For the scene presentation, we found a significant cluster when comparing power contralateral compared with ipsilateral that encompassed the alpha range in response to scenes with nonsocial distractors, p = .037 (Figure 6). In contrast, there were no detectable significant differences in power contralateral compared with ipsilateral in response to the presentation of scenes with social distractors. To follow up the significant cluster for nonsocial scenes, a cluster-based permutation test over time was conducted with contrasts averaged over the alpha range (8–12 Hz) specifically. A significant negative cluster was detected in response to scene presentation for scenes associated with nonsocial targets from 500 to 1000 msec, indicating less power (desynchronization) contralateral compared with ipsilateral to the side of the remembered target location (Figure 6). Again, there were no significant differences when comparing contralateral–ipsilateral contrasts between scenes with social and nonsocial distractors directly (p > .250).

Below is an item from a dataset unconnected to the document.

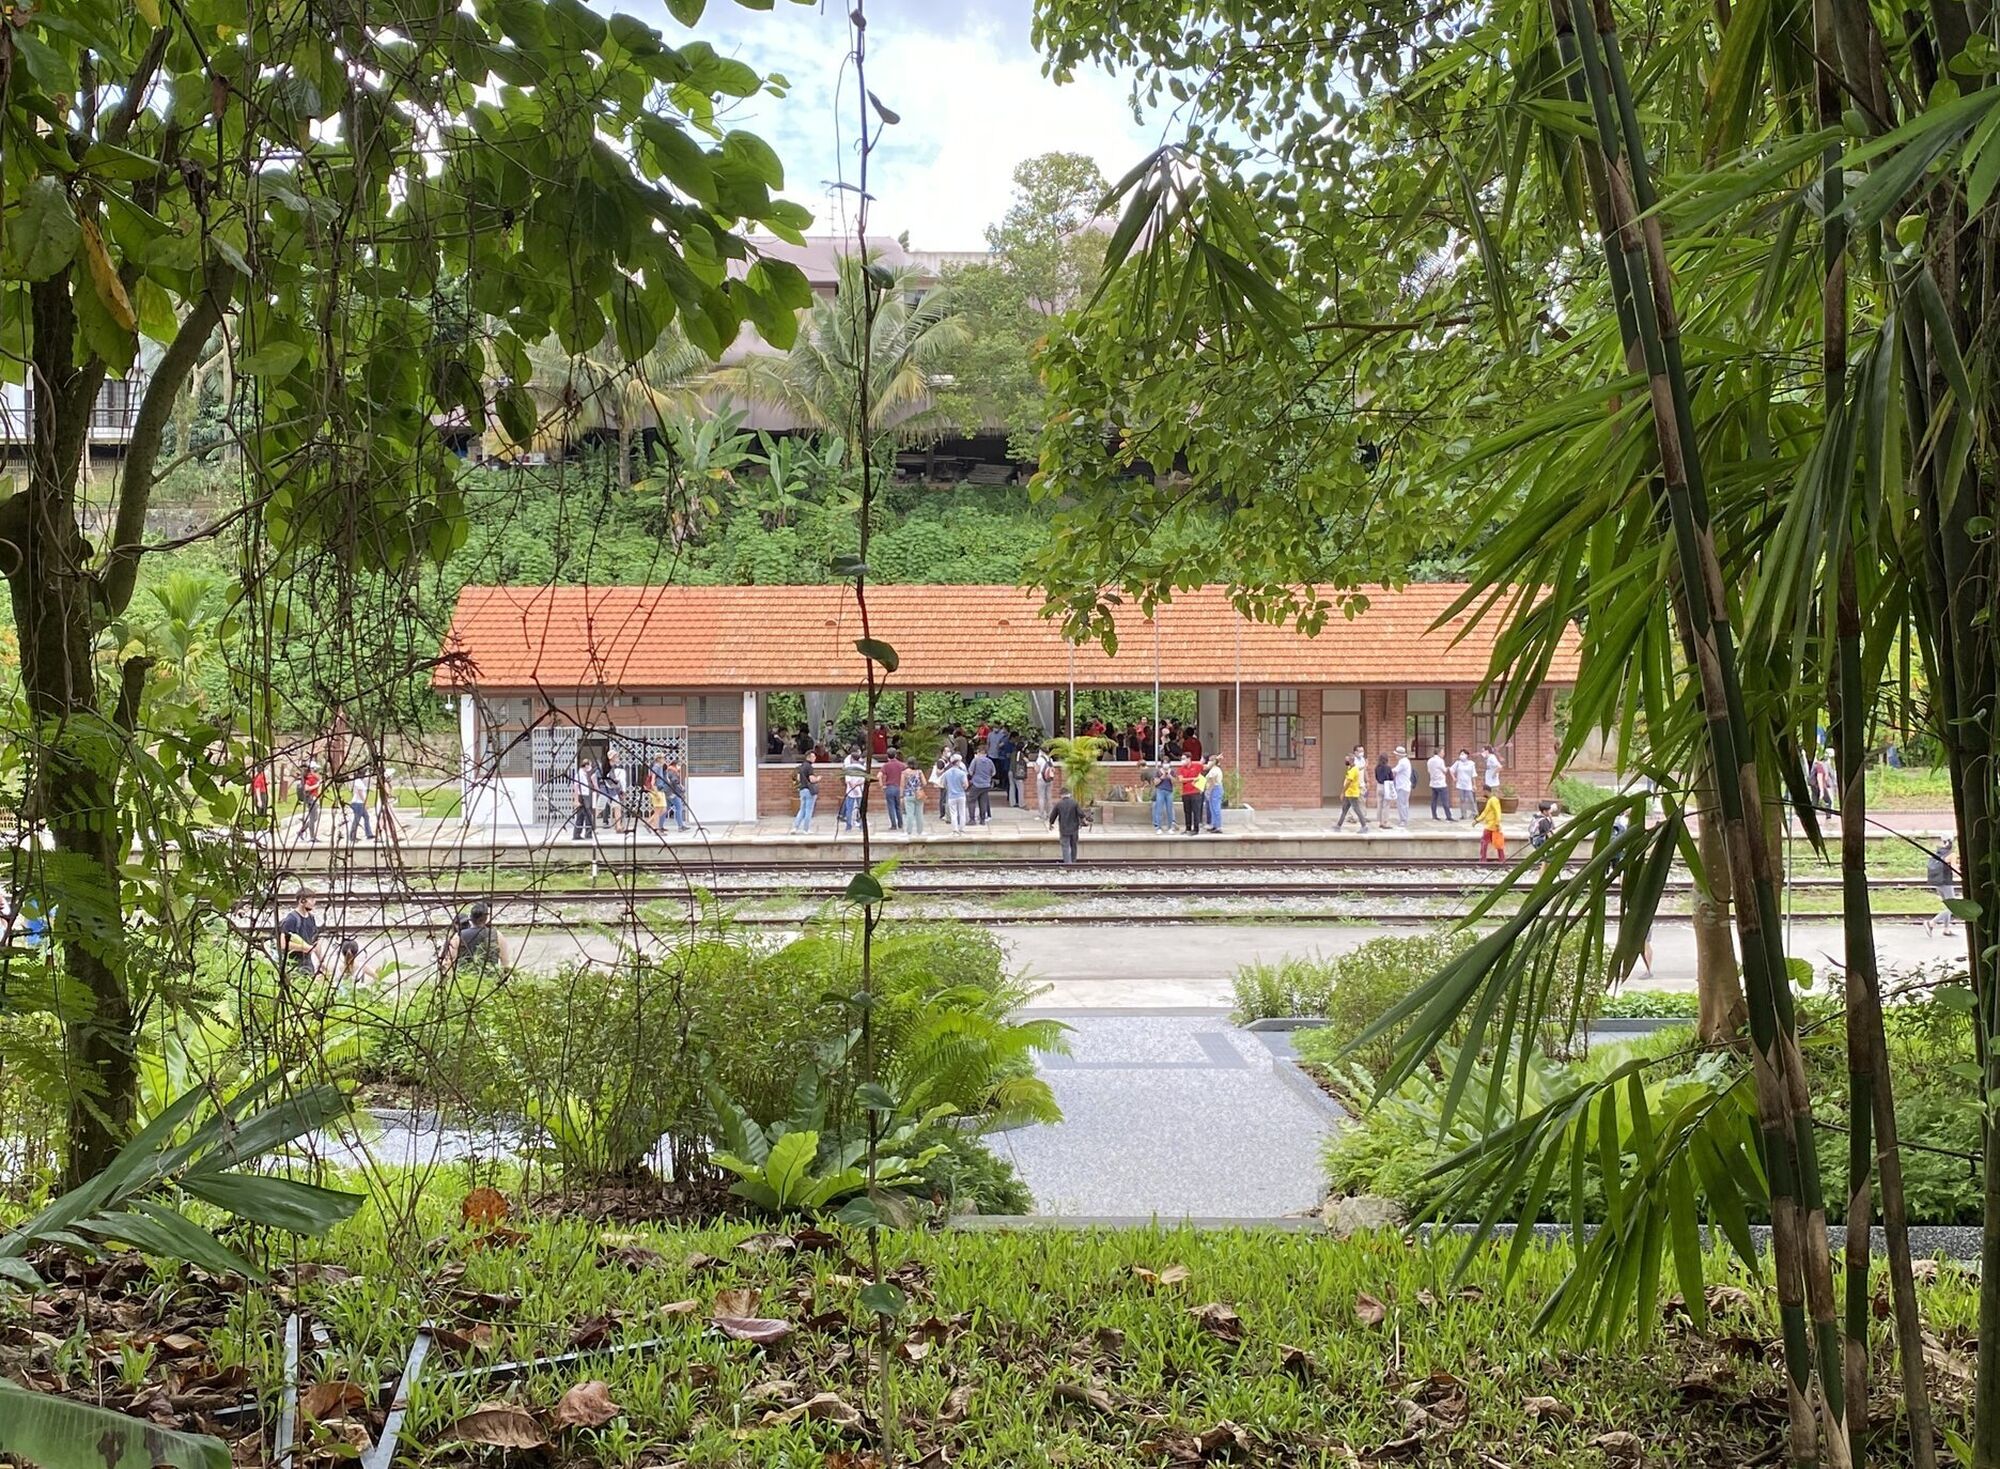 Bukit Timah Railway Station node landscape designed by Grant Associates opens to the public in Singapore

As a very helpful reviewer noted, preparatory alpha-band lateralization for targets associated with nonsocial scenes and alpha modulation for nonsocial scenes themselves in the absence of a similar modulation for targets and social scenes provide converging but weak, statistical evidence for an effect of social distraction on these neural markers. This is because the laterality effects in the nonsocial condition but not the social condition were not supported by the two corresponding statistically significant interaction effects of hemisphere (contralateral, ipsilateral) and scene (social, nonsocial). In turn, the absence of interaction effects is problematic (Nieuwenhuis, Forstmann, & Wagenmakers, 2011), as at best we can speak about absent lateralization in the social condition, not a difference between social and nonsocial conditions. Although we believe that this is a very important issue and one that points to the need to replicate our alpha-band findings, we would like to point to the qualitative absence of modulation for social scenes, as graphically shown in Figure 6A and B.

DISCUSSION

The current study built on the previous findings of the effects of social distraction on learning and subsequent memory for natural scenes (Doherty et al., 2017) to investigate the behavioral consequences of social distraction on subsequent memory-guided orienting of attention as well as on anticipatory neural dynamics during said memory-guided attentional orienting. Importantly, we replicated the effect of social distraction on subsequent memory, with poorer explicit memory for targets in scenes with social distractors. Interestingly and contrary to our original hypothesis, this did not attenuate memory-based orienting. In contrast, memory-guided attention orienting, as measured by the magnitude of the validity effect, was boosted for scenes previously associated with social distractors, with a greater cost for invalid trials in particular. EEG measures revealed an effect of preparatory attention on lateralized alpha power, typically considered a marker of spatial attention, for targets associated with nonsocial scenes: significant alpha (8–12 Hz) lateralization occurred after presentation of central targets associated with scenes with nonsocial distractors and of the scenes themselves. This finding is consistent with prior work and suggestive of changes in excitability in posterior cortical regions in anticipation for targets appearing at learned location, although likely reflects a mix of post-cue mnemonic retrieval and pretarget anticipatory dynamics. Alpha lateralization was absent for scenes containing social distractors. These neural findings require replication, as we did not find an interaction effect between laterality and scene type, but they converge with our behavioral data and they suggest a possible knock-on effect of an attention bias towards social stimuli. The presence of social stimuli in natural scenes, even when such stimuli are task irrelevant, results in poorer explicit contextual memory, which subsequently affects memory-guided attention orienting at both behavioral and possibly neural levels.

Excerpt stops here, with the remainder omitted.